Reference implementation and walkthrough
  1. dropout=0.1 is mild, 0.5 is strong but common, and 0.7 may underfit because too much signal is removed during training.
  2. Small weight decay can improve validation loss; too much weight decay can force weights toward zero and hurt both train and validation performance.
  3. If train loss falls while validation loss rises, you are likely seeing overfitting. If both stay high, the model is probably underfitting or optimization is failing.

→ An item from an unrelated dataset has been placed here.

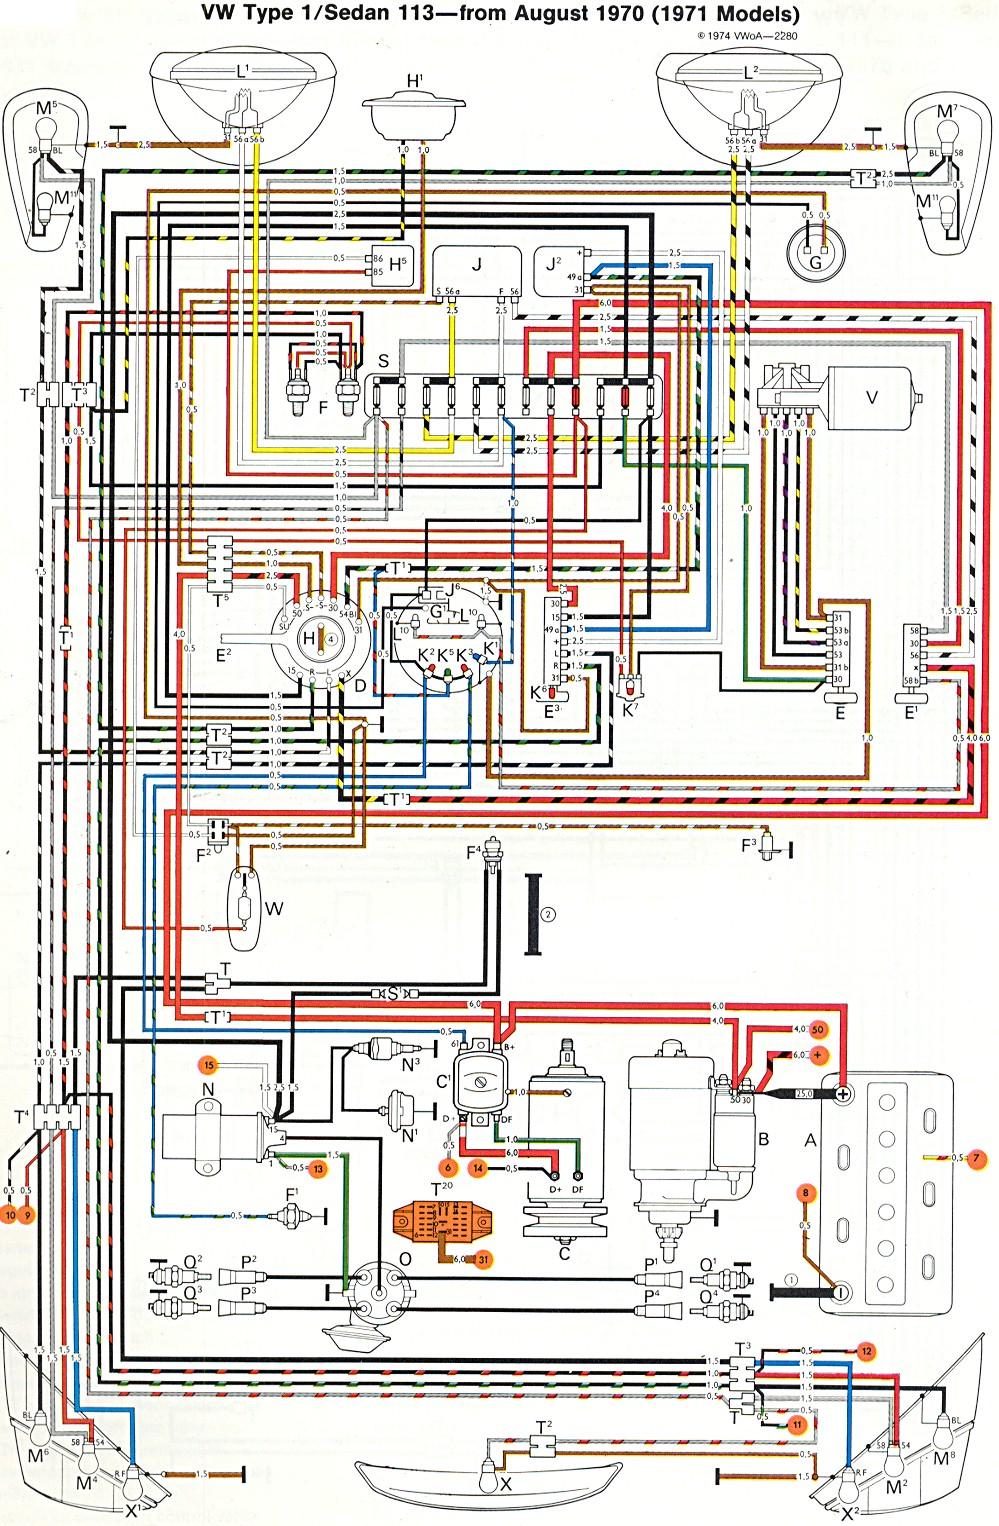 bug_super_71?resize\\\\\\\\\\\\\=665%2C1016 denso 210 0406 alternator wiring diagram wiring diagrams Bosch Alternator Wiring Diagram at alyssarenee.co

  4. The best checkpoint should be selected by validation loss, not by the last epoch. This protects you from keeping a model after it has started to overfit.
  5. Without model.eval(), dropout and some normalization layers keep training behavior during validation, making validation results noisy or biased.

You are done when you can explain:

  • regularization aims at validation performance, not only training loss;
  • dropout randomly disables hidden activations during training;
  • weight decay discourages large weights;
  • early stopping keeps the best validation point;
  • too much regularization can cause underfitting.